If it’s not about programs, what is it about?

For a moment, forget DEI programs. The fact is, diversity, equity and inclusion are first and foremost closely linked values. Or they’re not. Deciding one way or the other is the real point of decision-making for any organization. Programs of any kind (not to mention structures, systems, measures of success, roles, responsibilities and similar) only ever support. 

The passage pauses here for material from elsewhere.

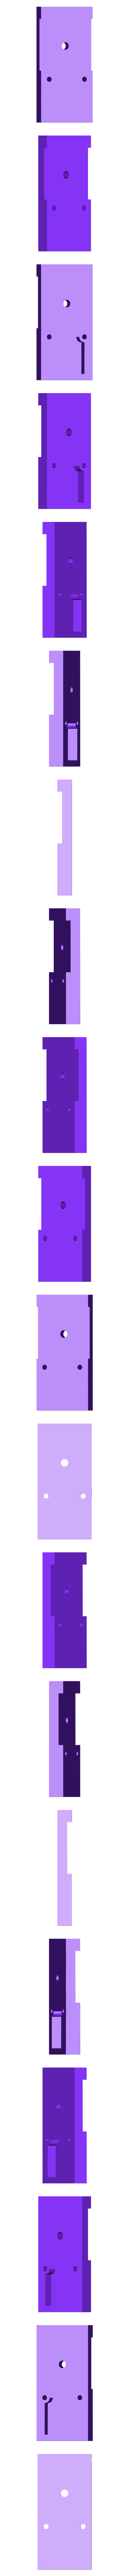 Supporto_fine_corsa_Asse_Z_U30Verticale.stl Download free STL file Alfawise U30 Z Stop • Model to 3D print, Scigola
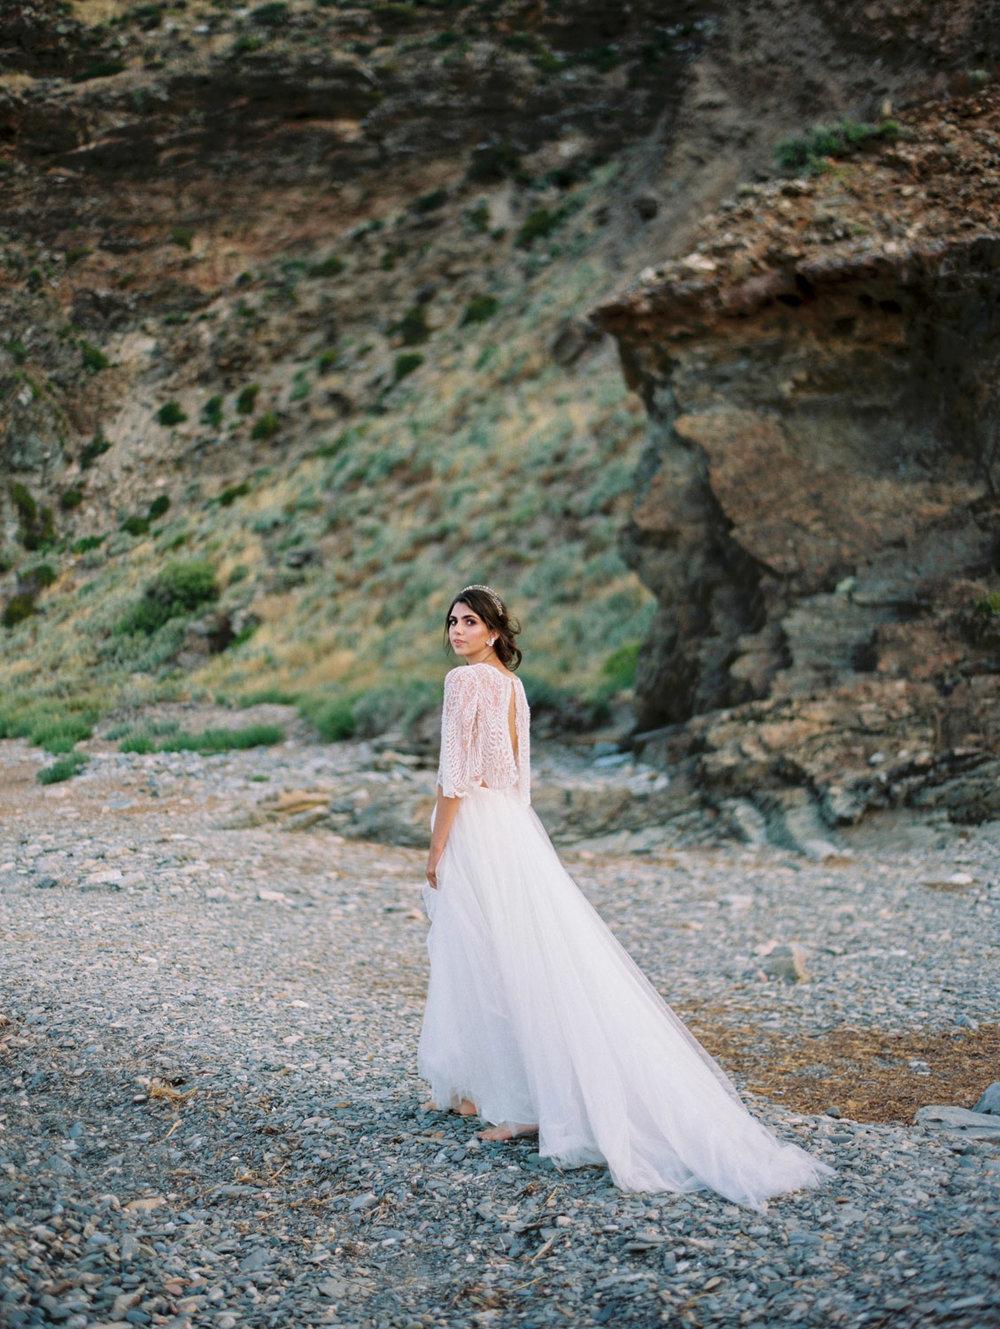 GRETA+KATE+WEDDING+DRESS+ADELAIDE.jpg

We don’t often think about it, but, ultimately, every organization is values-based. Even when you don’t consciously identify and pursue your organizational values, you have them and embody them, for better or worse. Defaults to unconscious values are as strong as and often more powerful than those consciously chosen — with one exception. That exception happens when an organization clearly identifies its values and, then, collectively and perpetually, seeks to live them in everything they do. 

When can we call it done?

Clarifying values in that way is a conscious act. More accurately, it’s an ongoing set of actions, and an imperfect one. It’s a never-done undertaking that no single program can ever fulfill perfectly or completely. 

Values are critical to understand, explore and constantly recalibrate. More, the values any group of people shares rarely boil down to just three. People are simply too diverse (whether you want them to be or not). What that means is that values like diversity, equity and inclusion are just part of the puzzle. If chosen as values of importance, inevitably they must blend with other values. 

The balancing thereafter is naturally ever-changing. The organization changes as it expands and contracts. The people in it change and bring their own interpretations, even when they share the same values. No doubt, the uncertain world around us further impacts how our values play in. 

It’s precisely why every leader hoping to help their organization succeed shouldn’t just be narrowly deciding whether a program ultimately aimed at a few values ought to exist or be undone. They should be enabling and empowering an exchange around what the values of their organization in fact are and how to better live them out. 

DEI programs are neither the problem nor the solution. They are only a possible tool in a vast toolkit that simply supports better pursuing your values.  

 

Opinions expressed by SmartBrief contributors are their own.